In MongoDB versions 3.4 and earlier, the oplog was resized by dropping and recreating the local.oplog.rs collection.

In MongoDB versions 3.6 and later, use the replSetResizeOplog command to resize the oplog as shown in this tutorial.

Starting in MongoDB 4.0, MongoDB forbids dropping the local.oplog.rs collection. For more information on this restriction, see Oplog Collection Behavior.

This procedure changes the size of the oplog [1] on each member of a replica set using the replSetResizeOplog command, starting with the secondary members before proceeding to the primary.

Perform these steps on each secondary replica set member first. Once you have changed the oplog size for all secondary members, perform these steps on the primary.

Connect to the replica set member using mongosh:

mongosh --host <hostname>:<port>

Note

If the replica set enforces authentication, you must authenticate as a user with privileges to modify the local database, such as the clusterManager or clusterAdmin role.

To view the current size of the oplog, switch to the local database and run db.collection.stats() against the oplog.rs collection. stats() displays the oplog size as maxSize.

use local
db.oplog.rs.stats().maxSize

The maxSize field displays the collection size in bytes.

Resize the oplog with the replSetResizeOplog command. The size is a double and must be greater than 990 megabytes. To explicitly cast the oplog size in mongosh, use the Double() constructor.

The following operation changes the oplog size of the replica set member to 16 gigabytes, or 16000 megabytes.

db.adminCommand({replSetResizeOplog: 1, size: Double(16000)})
[1] The oplog can grow past its configured size limit to avoid deleting the majority commit point.

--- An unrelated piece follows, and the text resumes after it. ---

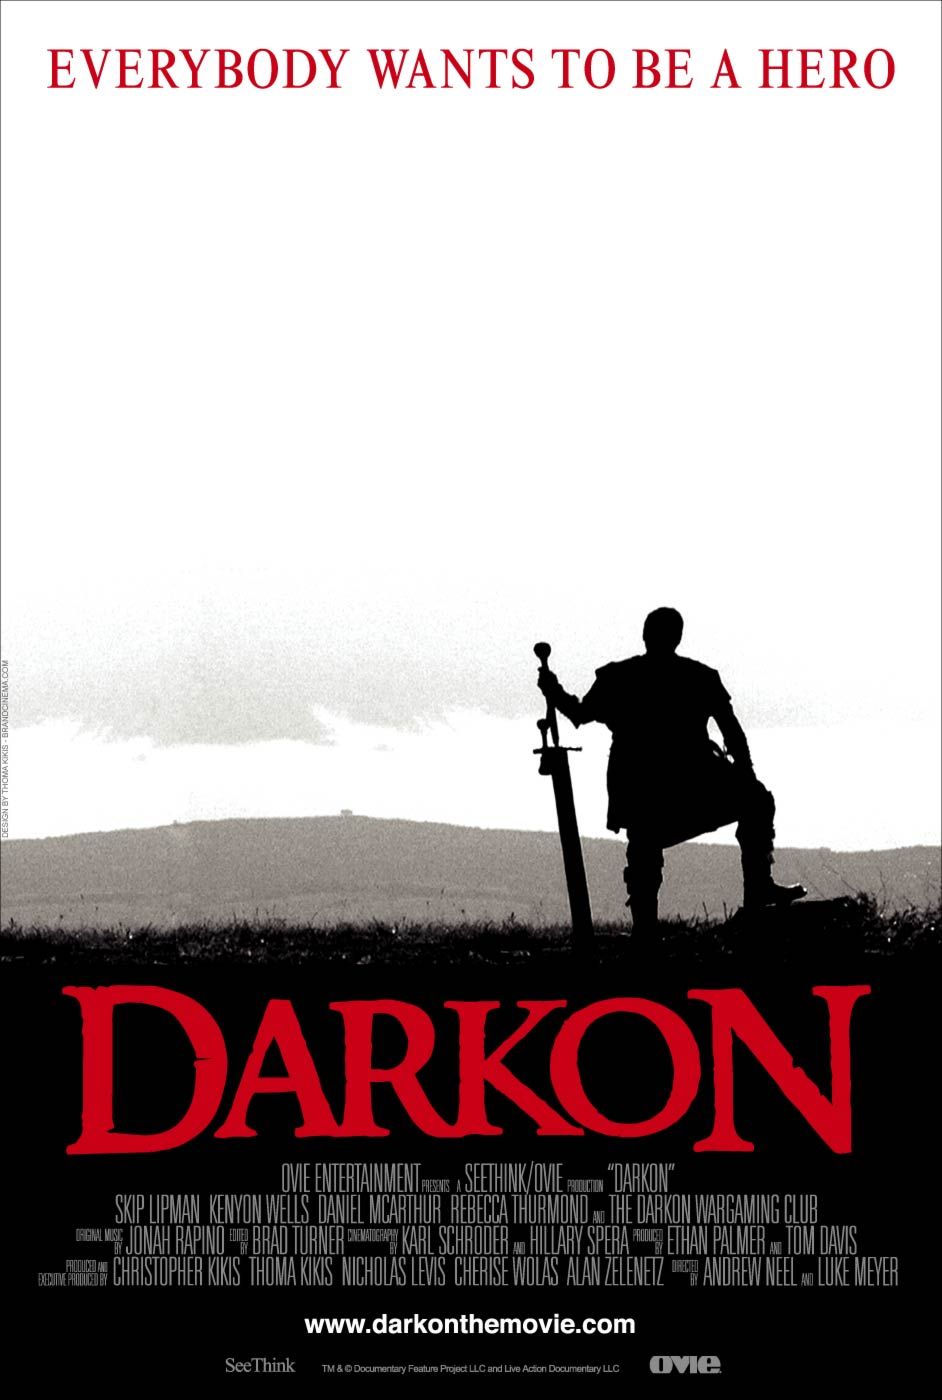 Extra Large Movie Poster Image for Darkon 
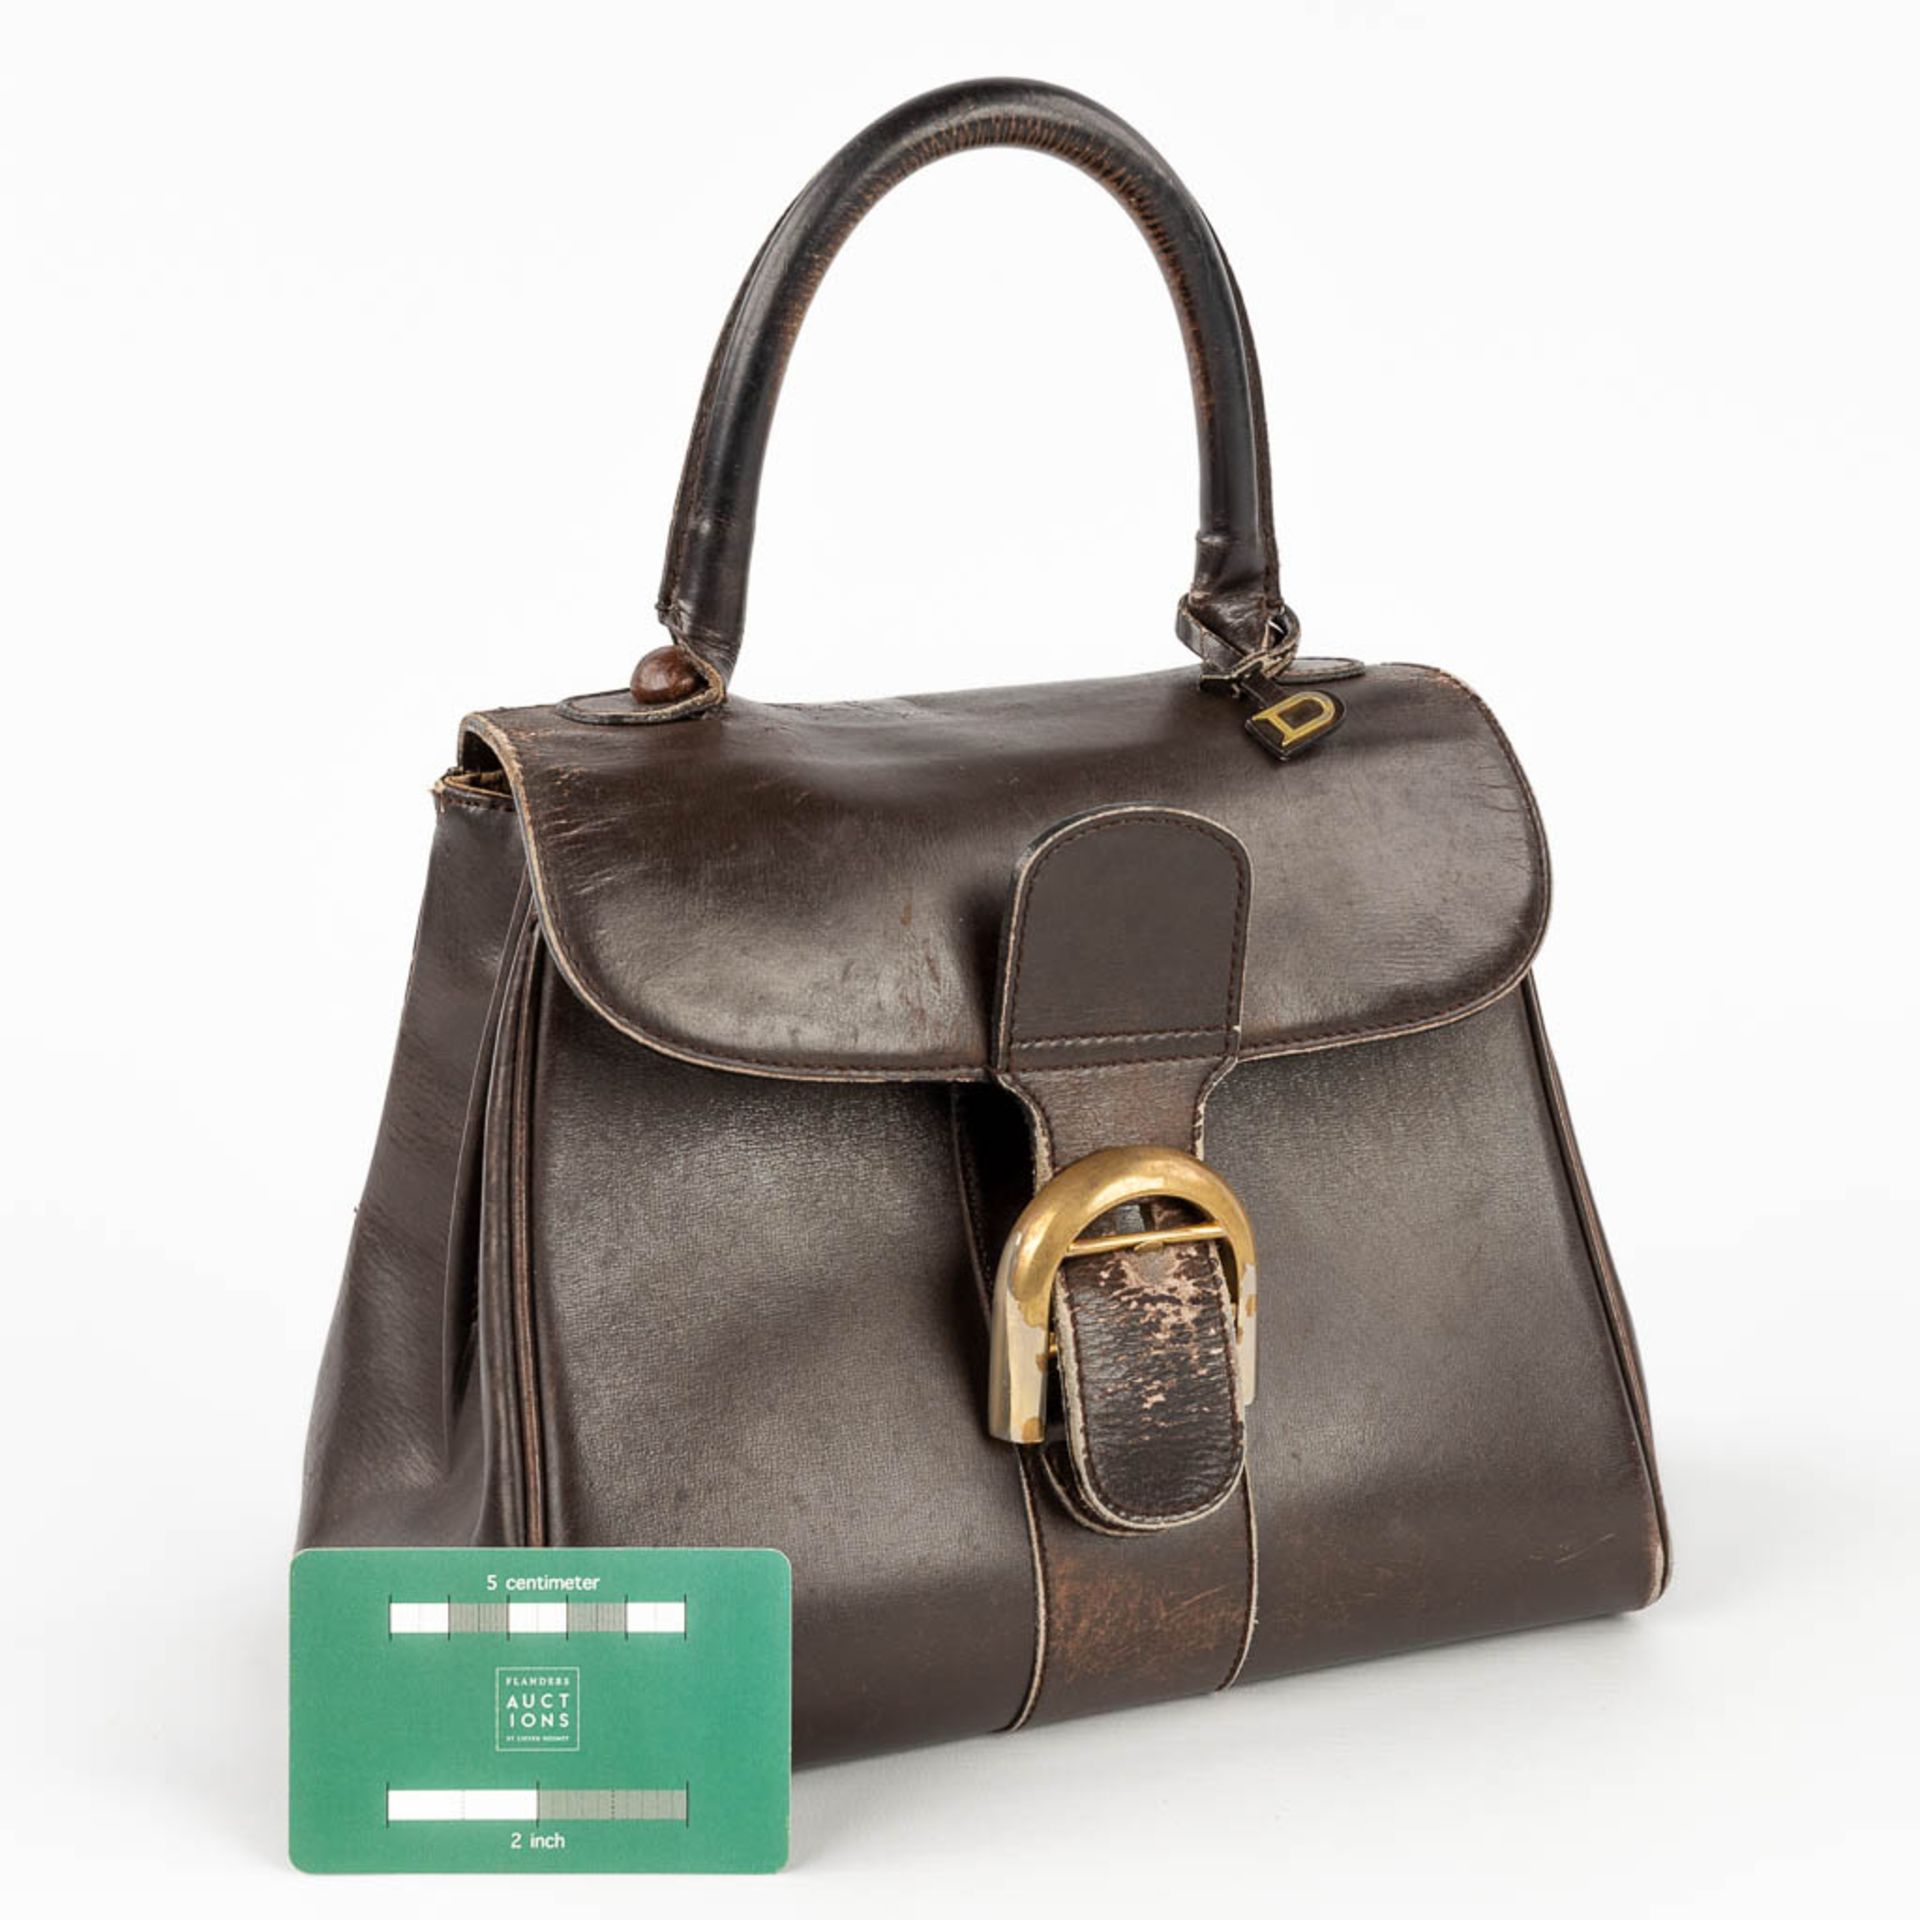 Delvaux Brillant PM, a handbag made of dark brown leather. Circa 1950. (W: 26 x H: 30 cm) - Image 2 of 19

Reducing the size of the oplog does not automatically reclaim the disk space allocated to the original oplog size. You must run compact against the oplog.rs collection in the local database to reclaim disk space. There are no benefits to running compact on the oplog.rs collection after increasing the oplog size.

Important

Starting in MongoDB v4.4, a replica set member can replicate oplog entries while the compact operation is ongoing. Previously, oplog replication would be paused during compaction. Because of this, it was recommended that oplog compaction only be performed during maintenance windows, where writes could be minimized or stopped. In MongoDB 4.4 and later, it is no longer necessary to limit compaction operations on the oplog to maintenance windows, as oplog replication can continue as normal during compaction.

Do not run compact against the primary replica set member. Connect a mongo shell directly to the primary (not the replica set) and run rs.stepDown(). If successful, the primary steps down. From the mongo shell, run the compact command on the now-secondary member.

The following operation runs the compact command against the oplog.rs collection:

use local
db.runCommand({ "compact" : "oplog.rs" } )

For clusters enforcing authentication, authenticate as a user with the compact privilege action on the local database and the oplog.rs collection. For complete documentation on compact authentication requirements, see compact Required Privileges.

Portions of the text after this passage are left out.